In her paper, now published in Acta Musicologica, Dr. Braginskaya notes that "for variety of sonority and quantity of instruments only Fireworks, among Stravinsky's early works, can compare with Funeral Song, still there is, for the sake of lightness, an absence of heavy brass." Though Stravinsky could not later recall the detail of the work, he noted in The Chronicle of My Life that "I can remember the idea at the root of its conception, which was that all the solo instruments of the orchestra filed past the tomb of the master in succession, each laying down its melody as its wreath against a deep background of tremolo murmurings simulating the vibrations of bass voices singing in chorus."

In terms of Funeral Song's soundworld, Dr. Braginskaya describes a mingling of post-Wagnerian chromaticism with the harmonies of Rimsky-Korsakov, seeing the score beginning "a line of musical commemoration by Stravinsky, through the Symphonies of Wind Instruments in memory of Debussy leading up to the numerous later in memoriam works."
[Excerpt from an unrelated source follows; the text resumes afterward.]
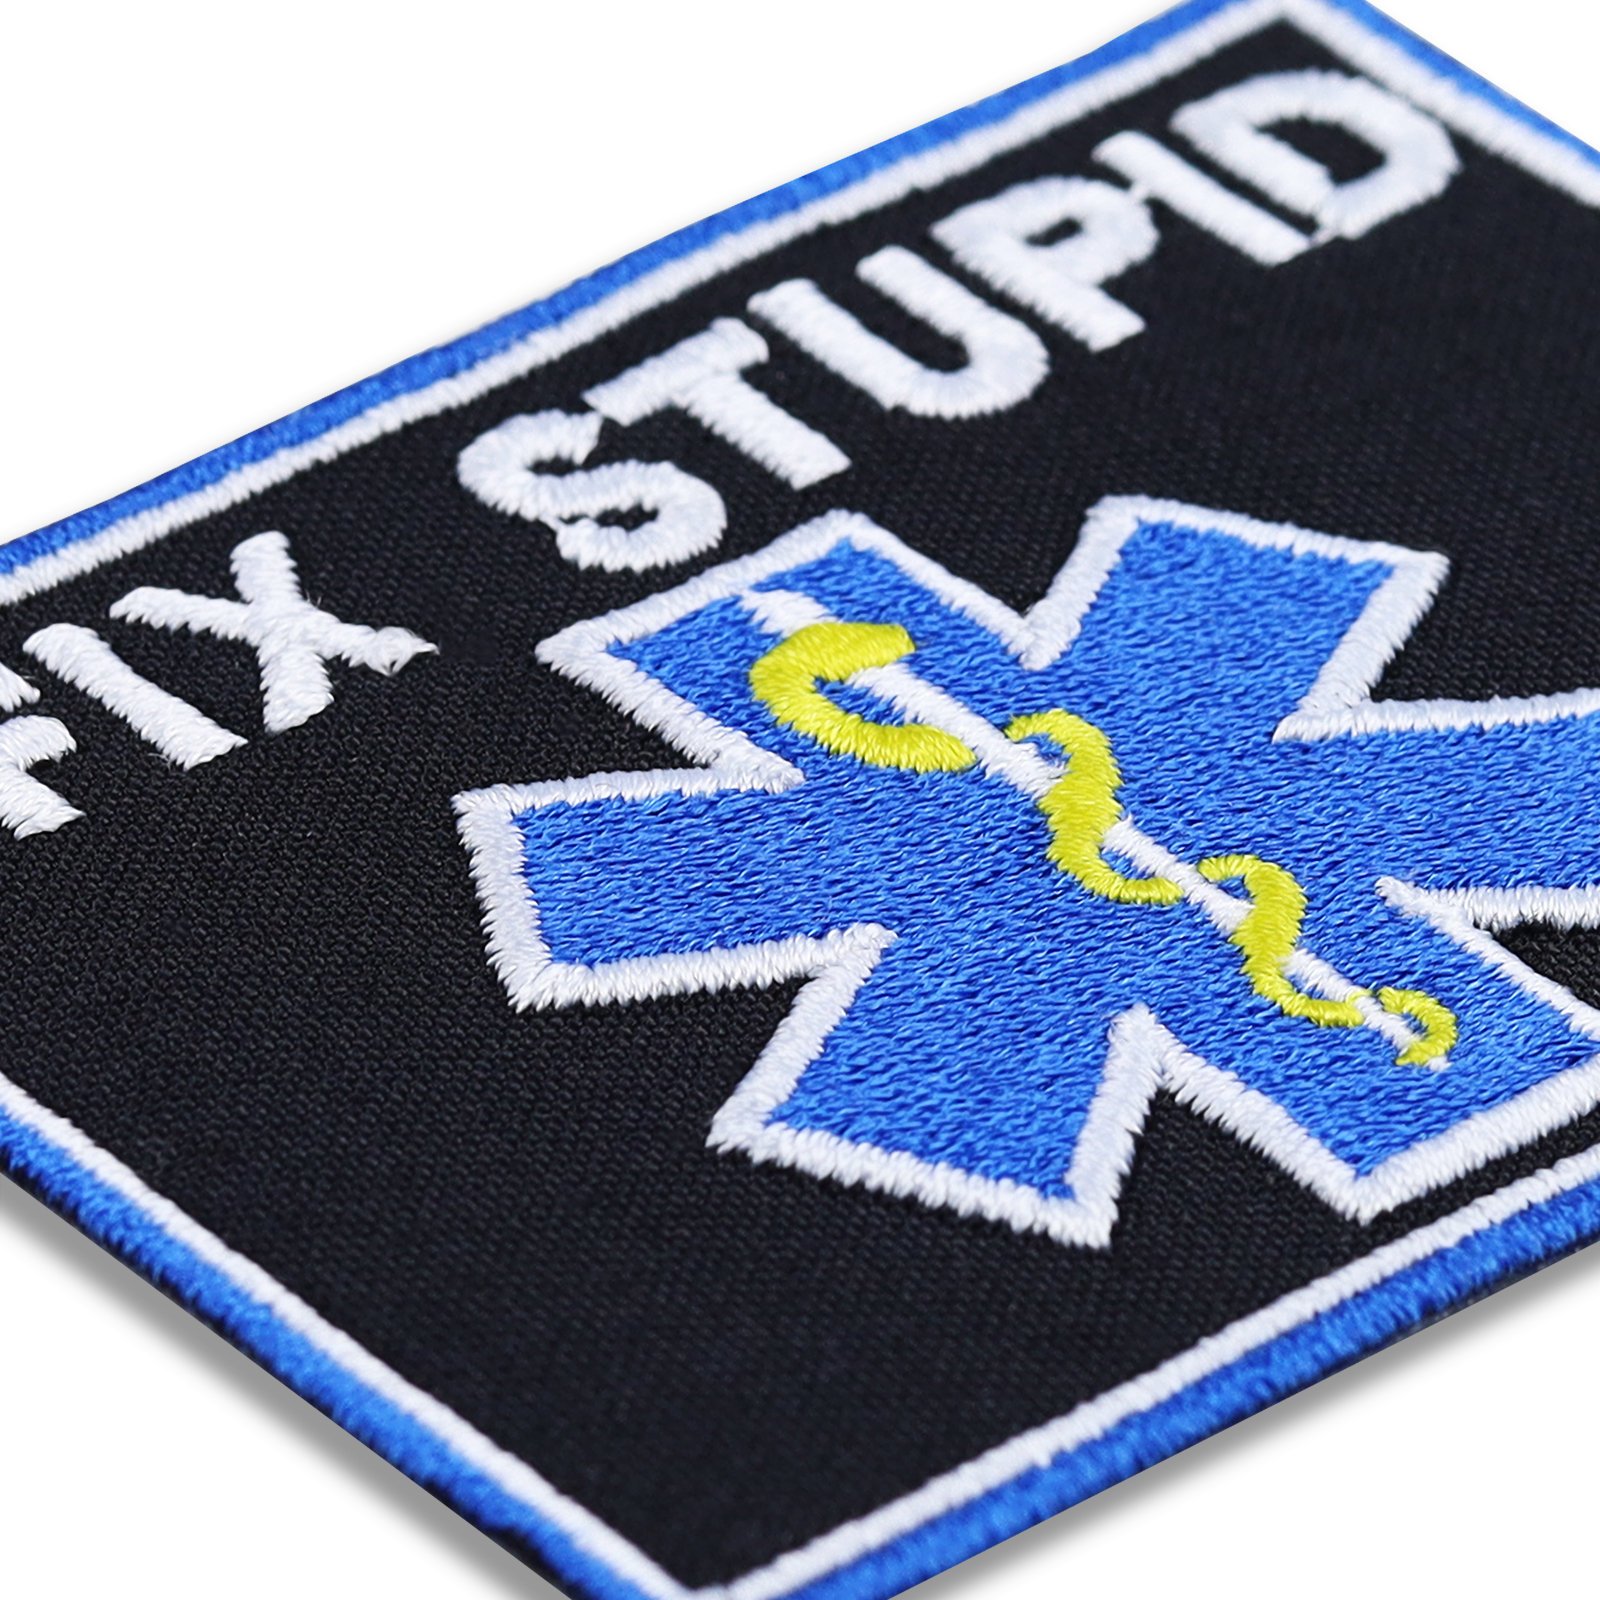 I fix stupid - Patch

For its return to the concert stage, the score of Funeral Song has been reconstructed from the complete set of parts by Dr. Braginskaya and the St Petersburg Conservatory who will collaborate with Boosey & Hawkes, Stravinsky's principal publisher, in preparing the full score for publication. Boosey & Hawkes is making Funeral Song available for further performance beginning in 2017 in concerts planned by leading orchestras and Stravinsky interpreters.